Description
This Simple Cottage Cheese Egg Salad is a light, creamy, and protein-packed twist on the classic egg salad. With the richness of cottage cheese and a touch of Greek yogurt for extra creaminess, it’s perfect for sandwiches, wraps, or as a refreshing side.
Ingredients
Scale
- 4 large eggs, hard-boiled and peeled
- ½ cup cottage cheese
- 2 tbsp plain Greek yogurt (optional, for extra creaminess)
- 1 tsp Dijon mustard
- 1 tbsp fresh chives, finely chopped (plus extra for garnish)
- ¼ tsp garlic powder
- Salt and pepper to taste
- Optional: A pinch of paprika for garnish
Instructions
- Chop the hard-boiled eggs into small pieces and place them in a mixing bowl.
- Add the cottage cheese, Greek yogurt (if using), Dijon mustard, and chopped chives.

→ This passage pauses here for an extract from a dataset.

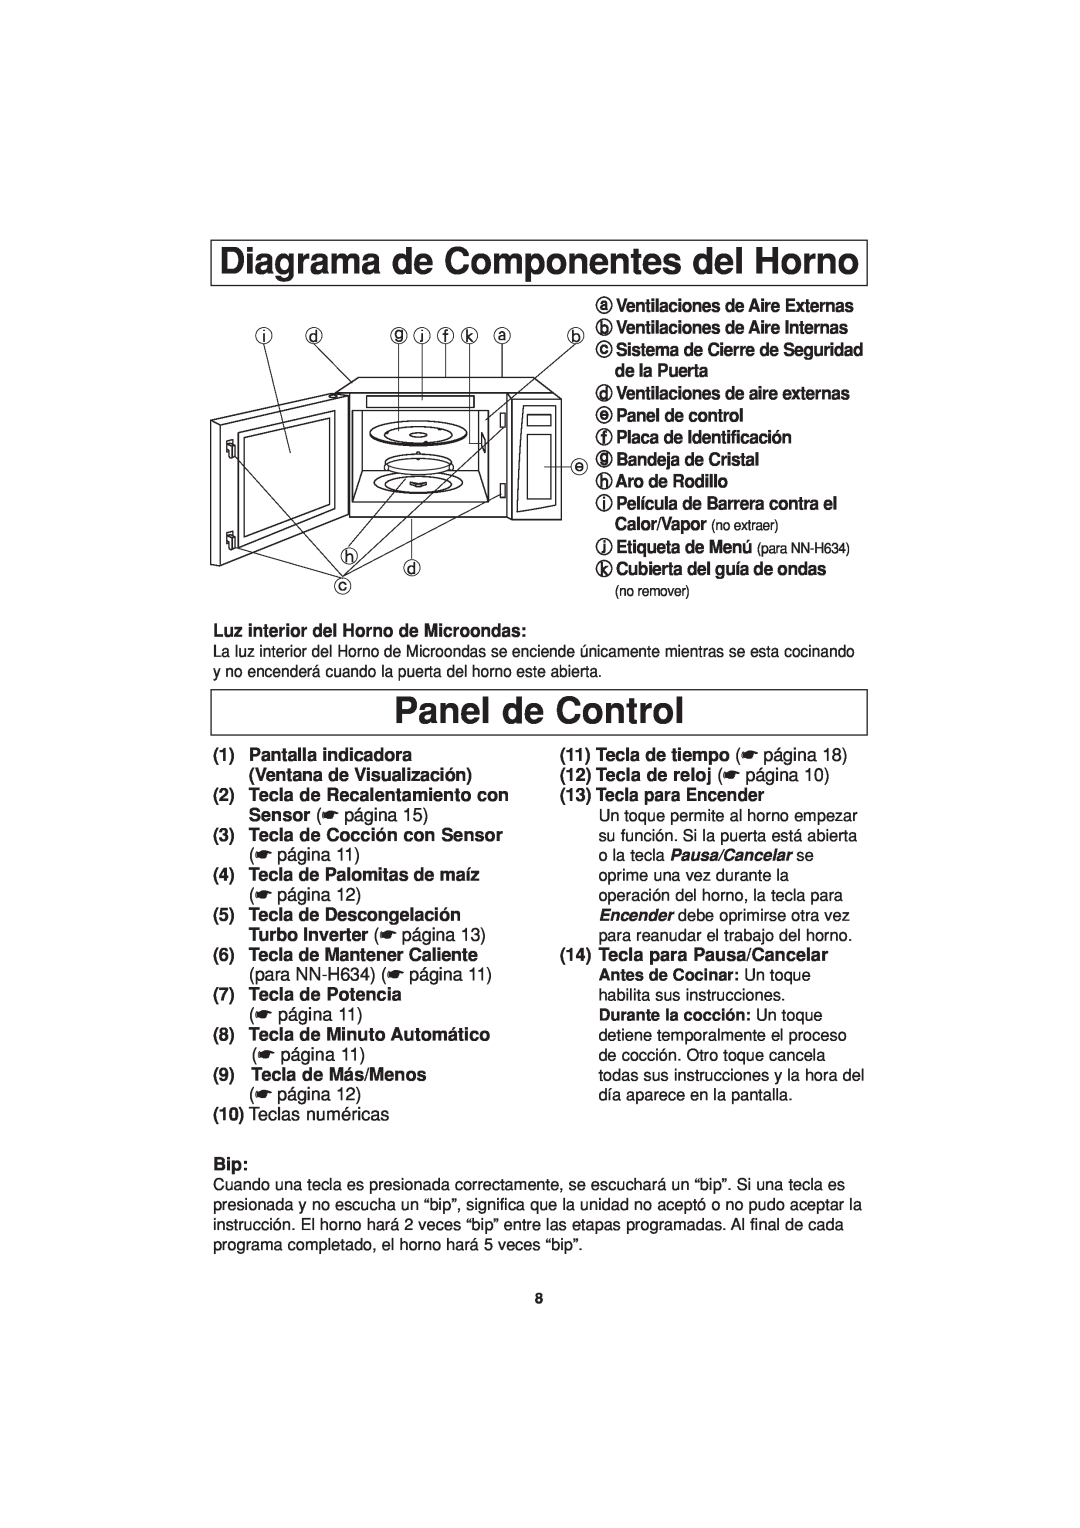 Panasonic NN-H644, NN-H634 Diagrama de Componentes del Horno, Panel de Control, Teclas numéricas

- Sprinkle in the garlic powder, salt, and pepper, and mix everything together until well combined.
- Taste and adjust the seasoning as needed, adding more salt, pepper, or mustard if desired.
- If desired, sprinkle with a pinch of paprika and garnish with extra chopped chives.
- Serve immediately, or refrigerate for up to 2 days for the flavors to meld.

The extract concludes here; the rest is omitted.